Imagine you have a basic BERT model:

BertForSequenceClassification(
  (bert): BertModel(
    (embeddings): BertEmbeddings(
      (word_embeddings): Embedding(20, 32, padding_idx=0)
      (position_embeddings): Embedding(128, 32)
      (token_type_embeddings): Embedding(2, 32)
      (LayerNorm): LayerNorm((32,), eps=1e-12, elementwise_affine=True)
      (dropout): Dropout(p=0, inplace=False)
    )
    (encoder): BertEncoder(
      (layer): ModuleList(
        (0): BertLayer(
          (attention): BertAttention(
            (self): BertSelfAttention(
              (query): Linear(in_features=32, out_features=32, bias=True)
              (key): Linear(in_features=32, out_features=32, bias=True)
              (value): Linear(in_features=32, out_features=32, bias=True)
              (dropout): Dropout(p=0, inplace=False)
            )
            (output): BertSelfOutput(
              (dense): Linear(in_features=32, out_features=32, bias=True)
              (LayerNorm): LayerNorm((32,), eps=1e-12, elementwise_affine=True)
              (dropout): Dropout(p=0, inplace=False)
            )
          )
          (intermediate): BertIntermediate(
            (dense): Linear(in_features=32, out_features=32, bias=True)
            (intermediate_act_fn): GELUActivation()
          )
          (output): BertOutput(
            (dense): Linear(in_features=32, out_features=32, bias=True)
            (LayerNorm): LayerNorm((32,), eps=1e-12, elementwise_affine=True)
            (dropout): Dropout(p=0, inplace=False)
          )
        )
      )
    )
    (pooler): BertPooler(
      (dense): Linear(in_features=32, out_features=32, bias=True)
      (activation): Tanh()
    )
  )
  (dropout): Dropout(p=0, inplace=False)
  (classifier): Linear(in_features=32, out_features=2, bias=True)
)

Now during the backward pass, all kinds of functions are being called/dispatched. I wrote myself my own tensor subclass to capture all the dispatched functions on my backward pass (the number is the amount of calls):

{
 aten.select_backward.default : 3
 aten.t.default : 24
 aten.sum.dim_IntList : 8
 aten.view.default : 30
 aten.detach.default : 50
 aten.tanh_backward.default : 1
 aten.slice_backward.default : 1
 aten.native_layer_norm_backward.default : 3
 aten.gelu_backward.default : 1
 aten.maximum : 4
 aten.permute.default : 4
 aten.bmm.default : 4
 aten._softmax_backward_data.default : 1
 aten.div.Tensor : 1
 aten.transpose.int : 1
 aten.embedding_dense_backward.default : 3
}

Now I wanna figure out in which nn.Module and in which “Bert”-Module a specific function call was made.

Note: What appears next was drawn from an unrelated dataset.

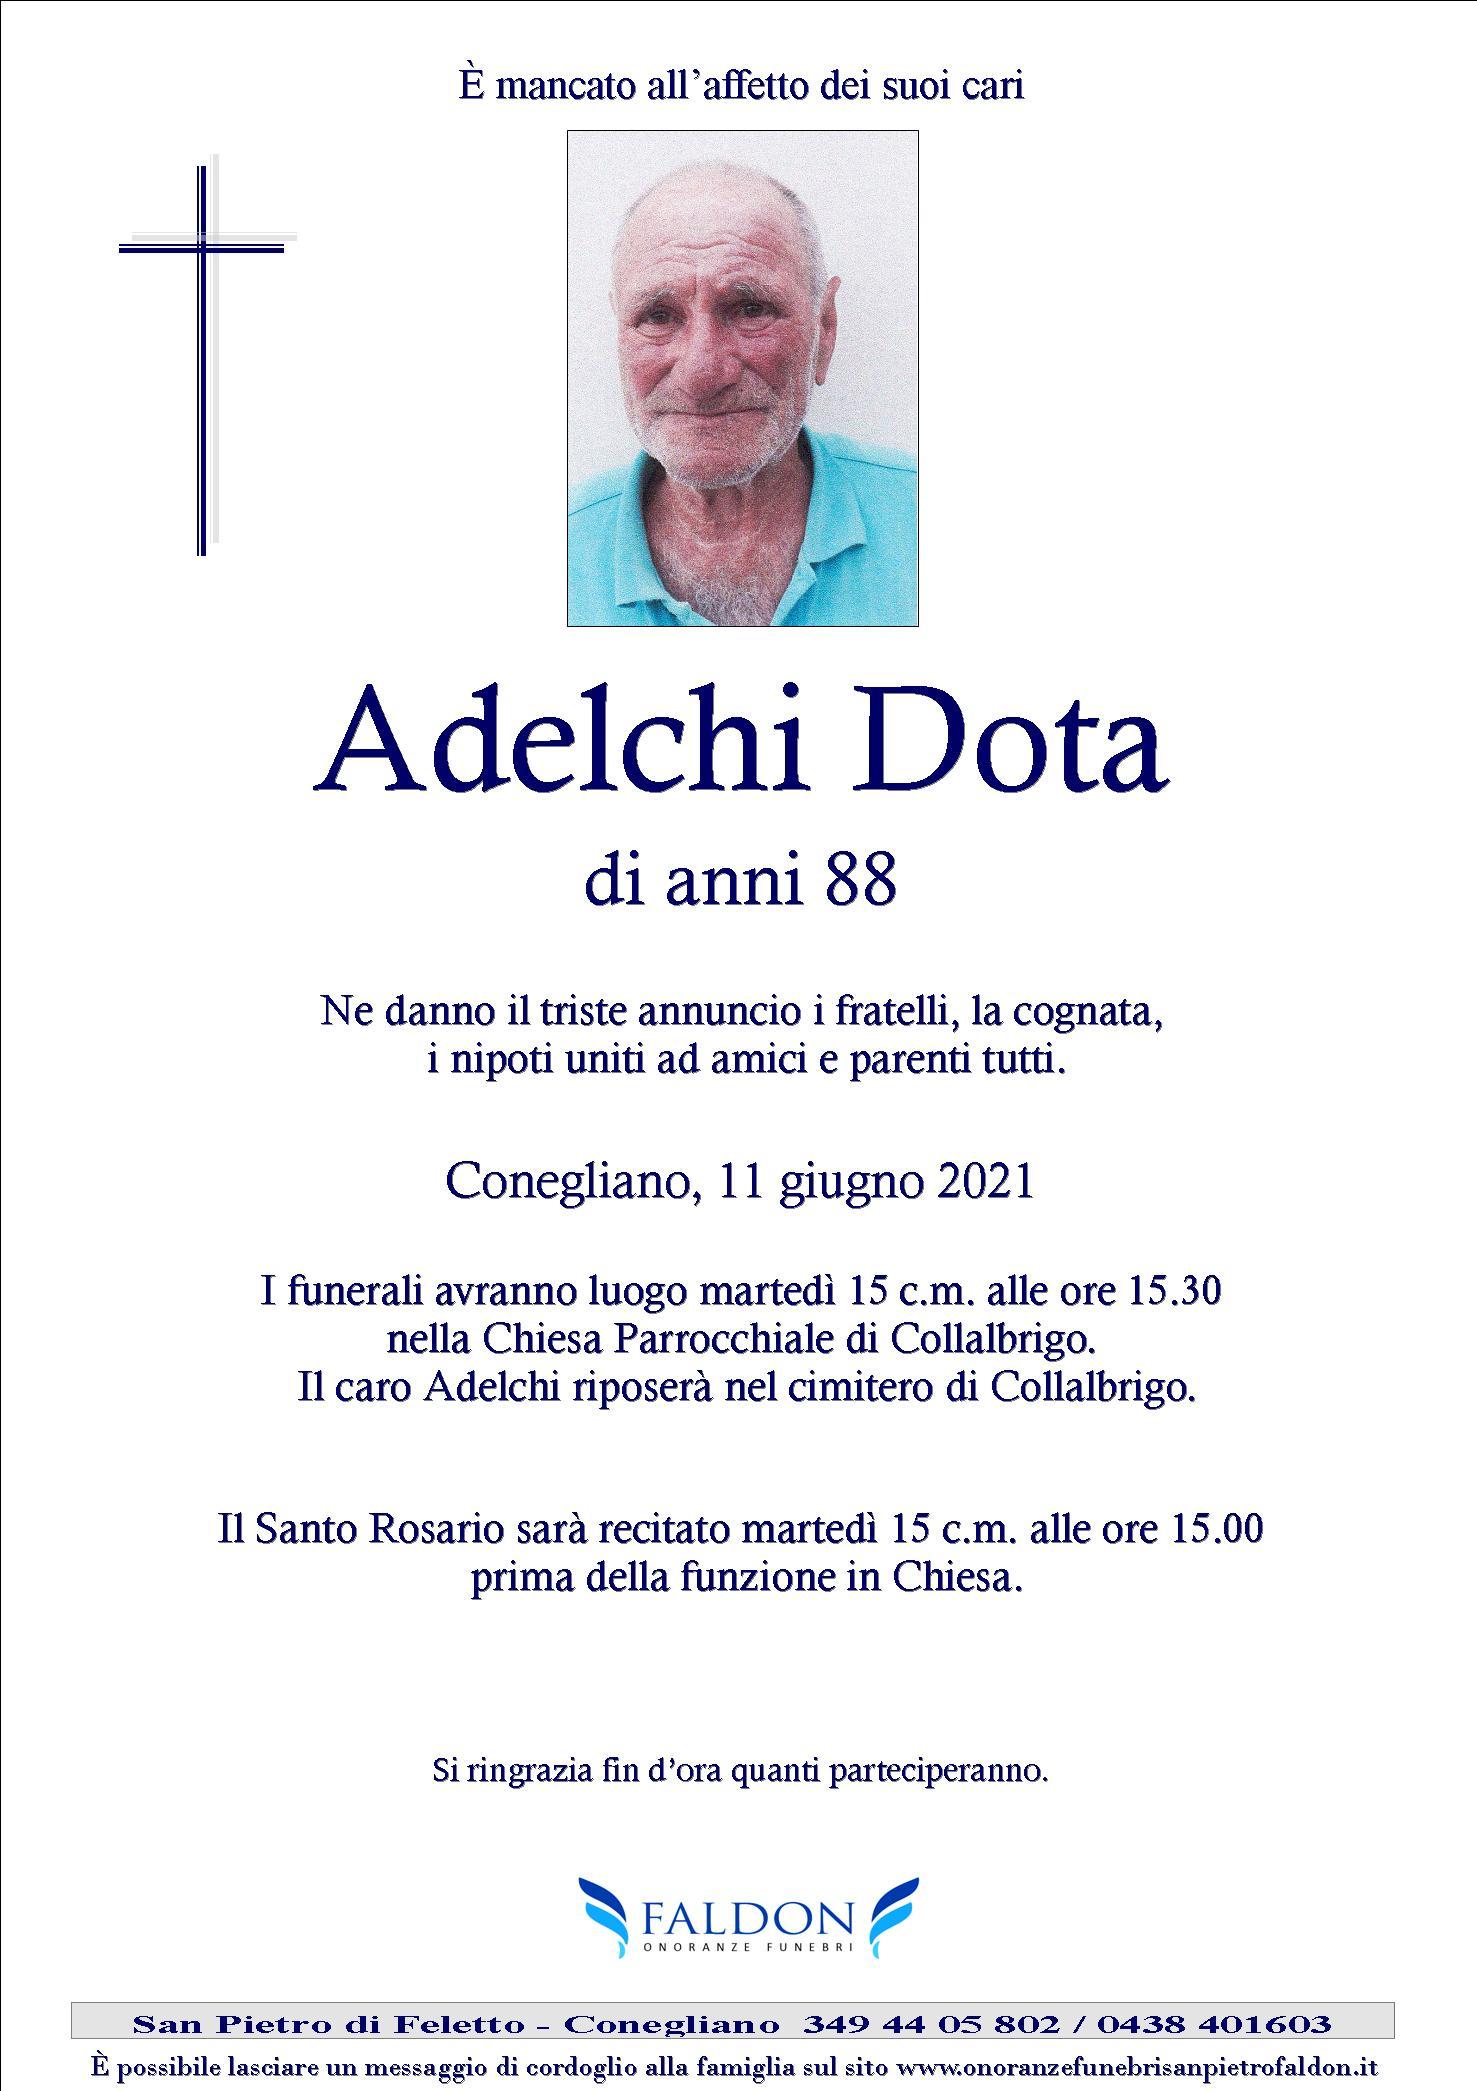 Adelchi Dota

I first thought I can just add a hook to each module and assume my data passes through my model sequentially. Thus I can always get the “current module” and that way figure out which module lead to the dispatched function. But that might not always be true.

I then saw there are tools like fx or the autograd profiler but I’m not sure if those are suitable tools for my needs.

I’m only interested in the backward pass at the moment but feel free to also suggest any solution that might work for both, forward and backward pass.

Thanks in advance